A dribble of dismay made its way down Tom’s spine. That he should be in this place, twitching in Posner’s snare. That he should have been discovered coveting what Posner possessed. That Posner, a gross, material creature, should have Shakespeare at his disposal.
‘Not at all,’ said Posner, although Tom had not apologised. He spread his hands. ‘It exerts such a pull. I feel it myself.’
He came up close to Tom. Who was conscious, unexpectedly, of Posner’s appeal; of the calm that would follow submission to that pearl-glazed mass. He could offer up the gift of himself, and Posner would keep him safe in his pocket. He would take him out now and then and polish him on his sleeve.
‘I mean, just look at it.’ Posner’s hand rested on Tom’s shoulder, urging him gently around. ‘I think, I
think
, what makes it extraordinary is the way it risks sentimentality. How it doesn’t shy away from sheer gorgeousness. The way she’s laid on that paint. And this.’ His finger hovered above a rectangle of gold and burnt orange. ‘The whole thing’s such a huge risk. And she confronts it and makes use of it. Subordinates it to a larger design, like this scrap of Chinese paper. It’s an exorcism, in a way. It looks something dangerous in the face and accepts it. Controls it. And you think, How absolutely fucking marvellous.’
His fingers tightened a little on Tom’s shoulder. ‘Would you like to touch it?’ His mouth approached Tom’s ear. ‘Touch it, if you like,’ breathed Posner.
After dinner, Tom assembled clothes, food, the equipment he had bought that afternoon. He checked his list again, aware that he was not entirely sober. He had begun drinking as soon as he had got home, and had kept it up more or less all evening.
He added a tube of Beroccas to his overnight bag.
It was his habit to try for private truthfulness. He paused in his preparations to acknowledge that what disturbed him most—more than his sense that Posner had anticipated the entire episode, more than his flustered, schoolboyish retreat— was the flicker of acquiescence Posner had drawn from him.
A
CHAMPAGNE-BRIGHT
afternoon in winter; the blank interval that July during which Tom had sworn off Nelly.
In a paddock by the river, where a post measured floods in imperial feet, he unclipped the dog’s lead. A giant metal man stood sentry over the place, one of a series of pylons striding beside the freeway. But there were also eucalypts and wattles deep in waving grasses, or leaning over the water. To leave the bike path for the leafy corridor that dipped into the paddock was like returning to a scene almost forgotten.
The dog vanished over a bank; reappeared eventually with damp paws.
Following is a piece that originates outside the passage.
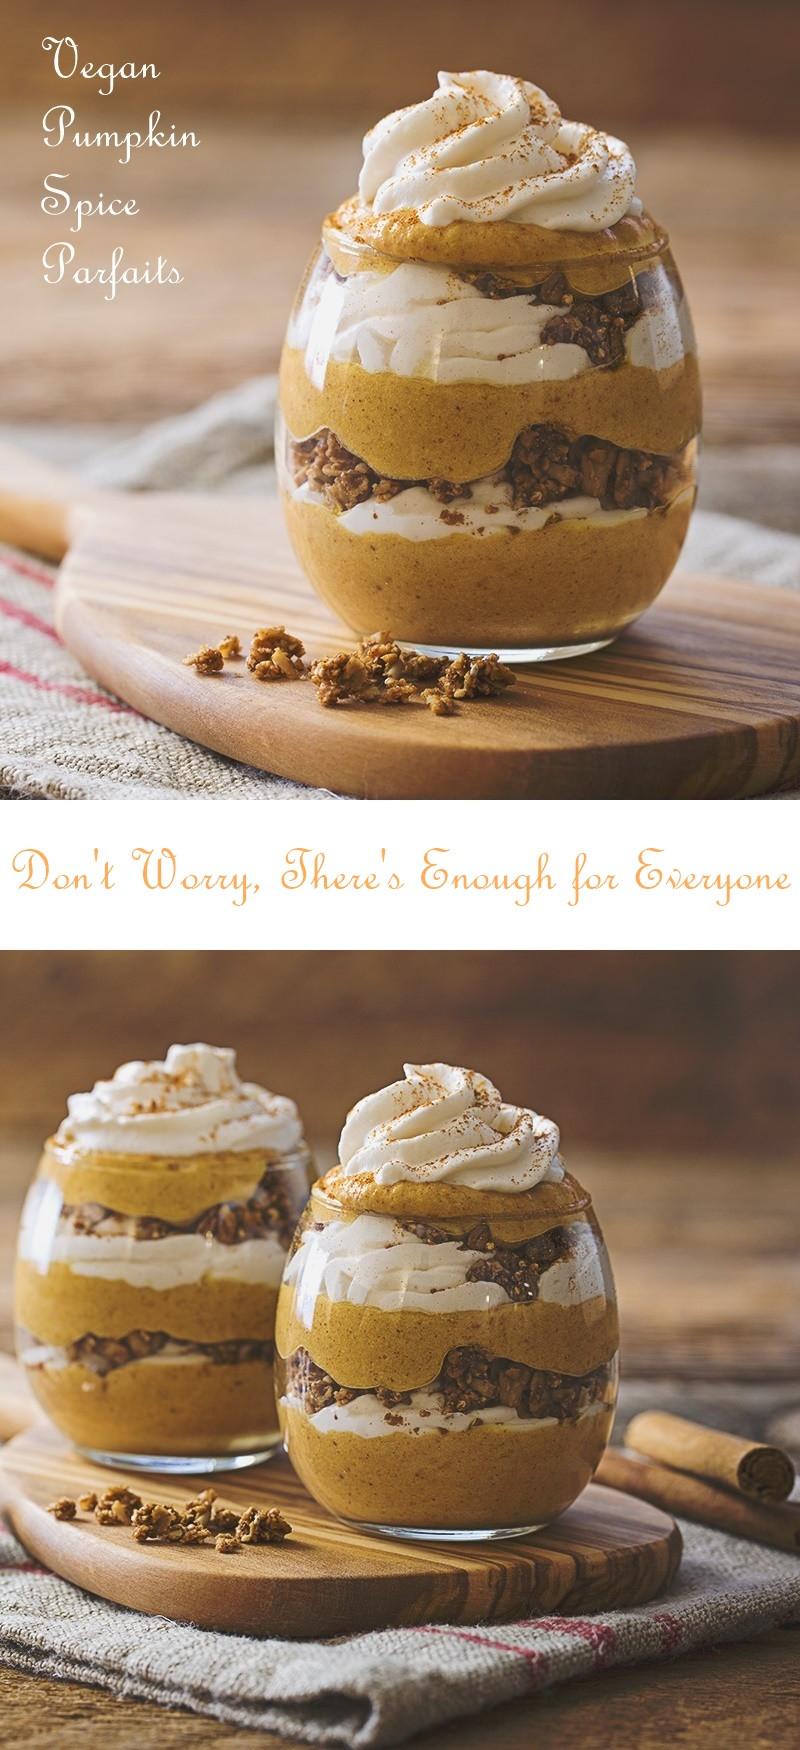 Vegan Pumpkin Desserts Recipes  Vegan Pumpkin Spice Parfaits Recipe Gluten Free

He never went out of his depth, but stood in the sluggish current even in the coldest weather, attentive to ducks. Sometimes a dog on the far side of the river made him bark.
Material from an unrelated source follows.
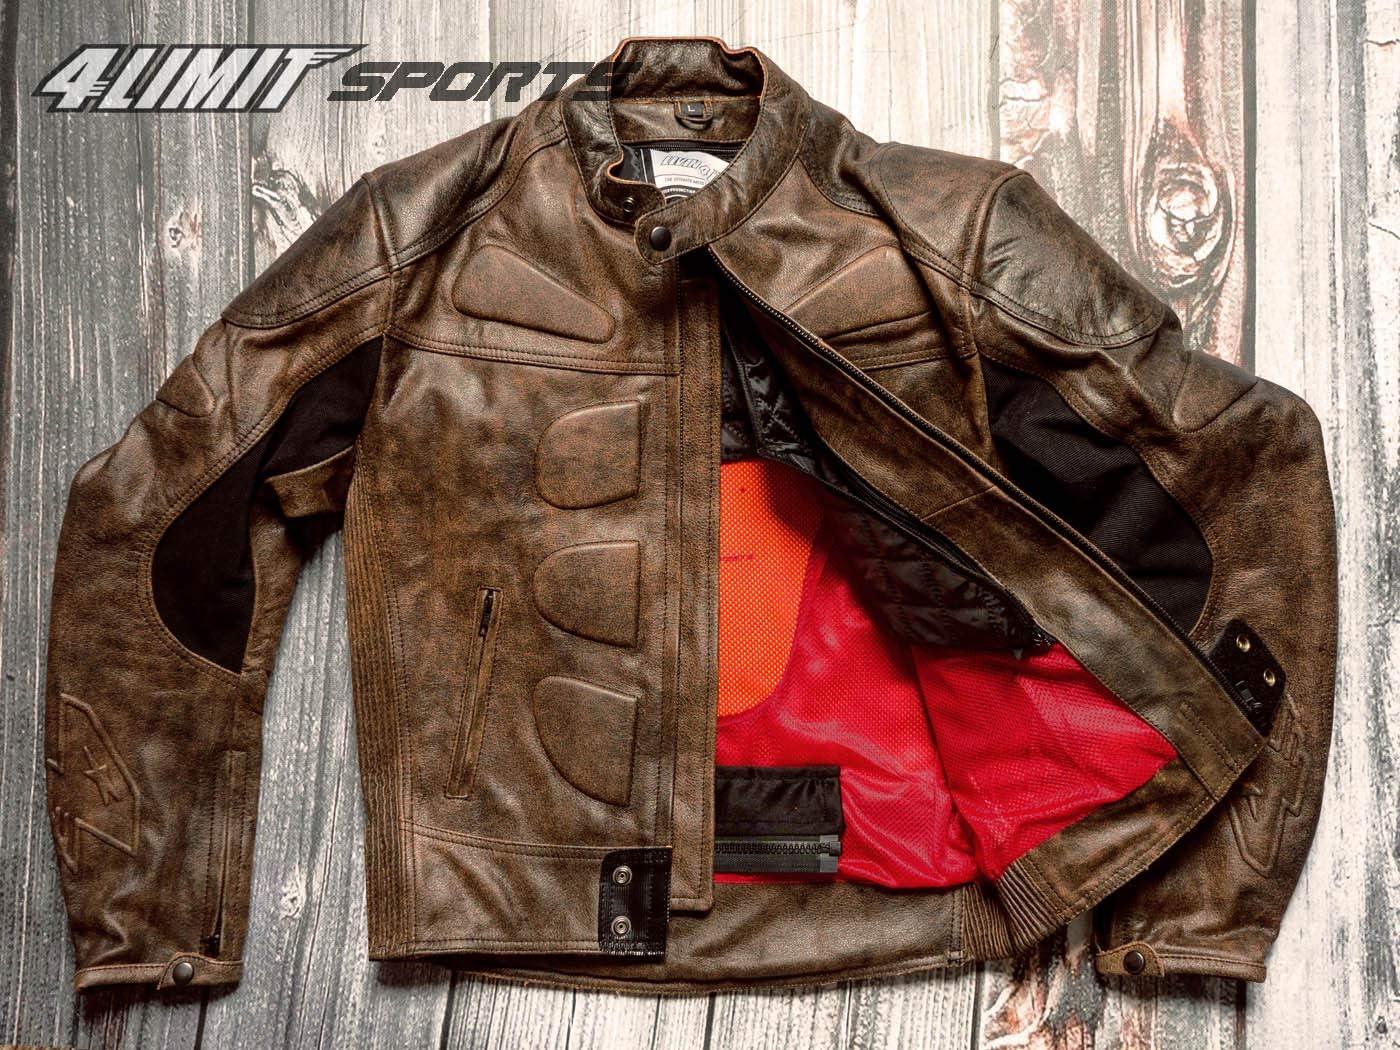 4limit Sports Motorradjacke Leder Streetbandit Biker Rocker Schwarz Größe M Auto

Time passed. Shadows stretched over the beaten tin surface of the water. The sun was easing itself earthwards with the caution of an old, exhausted animal. In the yawning sky, which was still full of light, a dark path opened and lengthened. It was the city’s daily visitation from horror. The bats streamed up from the botanic gardens, following the river’s chill road to the orchards waiting in the east.
Tom walked back into the baroque ruins of a sunset, rose and gold curds whipped up in a Roman dream. It was a city that put on wonderful skies. He thought of a cloudscape in one of Nelly’s pictures: oyster-grey puffs blown over a yellow bed.
Up above, what wind-walks! what lovely behaviour / Of silk-sack
clouds!
Then he remembered believing, as a very young child, that the sun and the clouds followed wherever he walked.